それは五年前に私の家族と日常を奪った忌まわしき存在━━━金色のホシの姿だ。
あの日から毎日のようにあの光景を夢で見るのだ。間違えるはずがない。
「追跡中にドローンは破壊されたが最終目標地点から今いる地点を算出したところ、このホシ…………『コード・ヴィーナス』は既に廃棄されたテーマパークに潜伏している可能性が高いという結果が出た」
「………………ということは」
「ああ、敵幹部の筆頭である十芒星の一体の討伐作戦を決行する」
十芒星。

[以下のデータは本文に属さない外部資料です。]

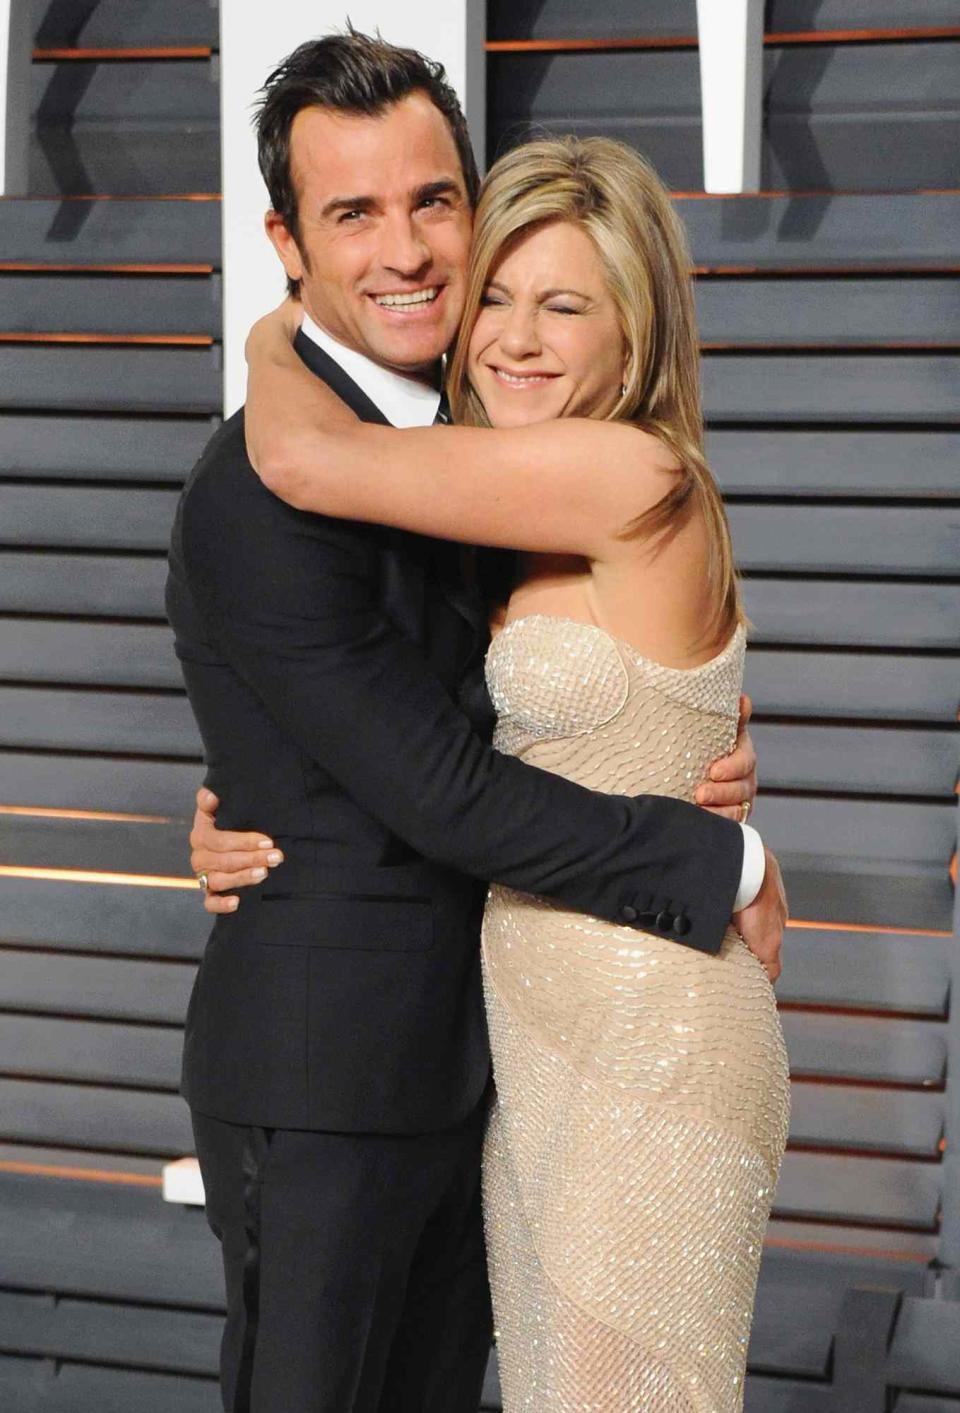 Justin Theroux and actress Jennifer Aniston arrive at the 2015 Vanity Fair Oscar Party Hosted By Graydon Carter at Wallis Annenberg Center for the Performing Arts on February 22, 2015 in Beverly Hills, California

五年前世界に蹂躙の限りを尽くした尖兵であり、
今まで確認された十芒星は六体。どれもが強力な力を有している故に討伐できなかった存在。
だが雌伏の時はここまで、人類の反撃が始まるということだ。
「討伐作戦には三十四人の戦闘員を動員する。その中にはコードJも参加する」
「彼女が…………?」
「ああ、先程彼女にも作戦参加の意思を聴いた。二つ返事で参加すると言ったよ。君にも聴かせて欲しい━━━コード・ヴィーナスの討伐作戦に参加してくれるかね?」
支部長の真っ直ぐながらも躊躇いのある瞳が私を見つめた。
彼女は私を試しているのだ、『過去の因縁に囚われていながらも任務を全うできるか』を。
当然だ。私はあのホシに全てを奪われた人間。その恨みや憎しみは並大抵のものではない。現にあの写真を見ただけで持っているタブレット端末が悲鳴を上げているのだ。

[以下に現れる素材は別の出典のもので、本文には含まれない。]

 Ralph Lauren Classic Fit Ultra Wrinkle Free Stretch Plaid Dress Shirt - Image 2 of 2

しかし、これは支部長の温情━━━いや、慈悲と言うべきか。
本来なら任務に私情を挟みそうな隊員は問答無用で作戦から排除すれば良い。それが組織を円滑に進めるために必要なことなのだから。
しかし支部長は復讐という血に塗れた機会をわざわざ与えようとしているのだ。組織のトップとしてはあまりにも間違った判断なのに。
「…………わかりました」
だから私は真っ直ぐ返した瞳で答える。
おそらく支部長の予想したであろう解答をそのままに。
「命令には必ず従います。作戦に参加させてください」
この"機会"を逃してやるものか。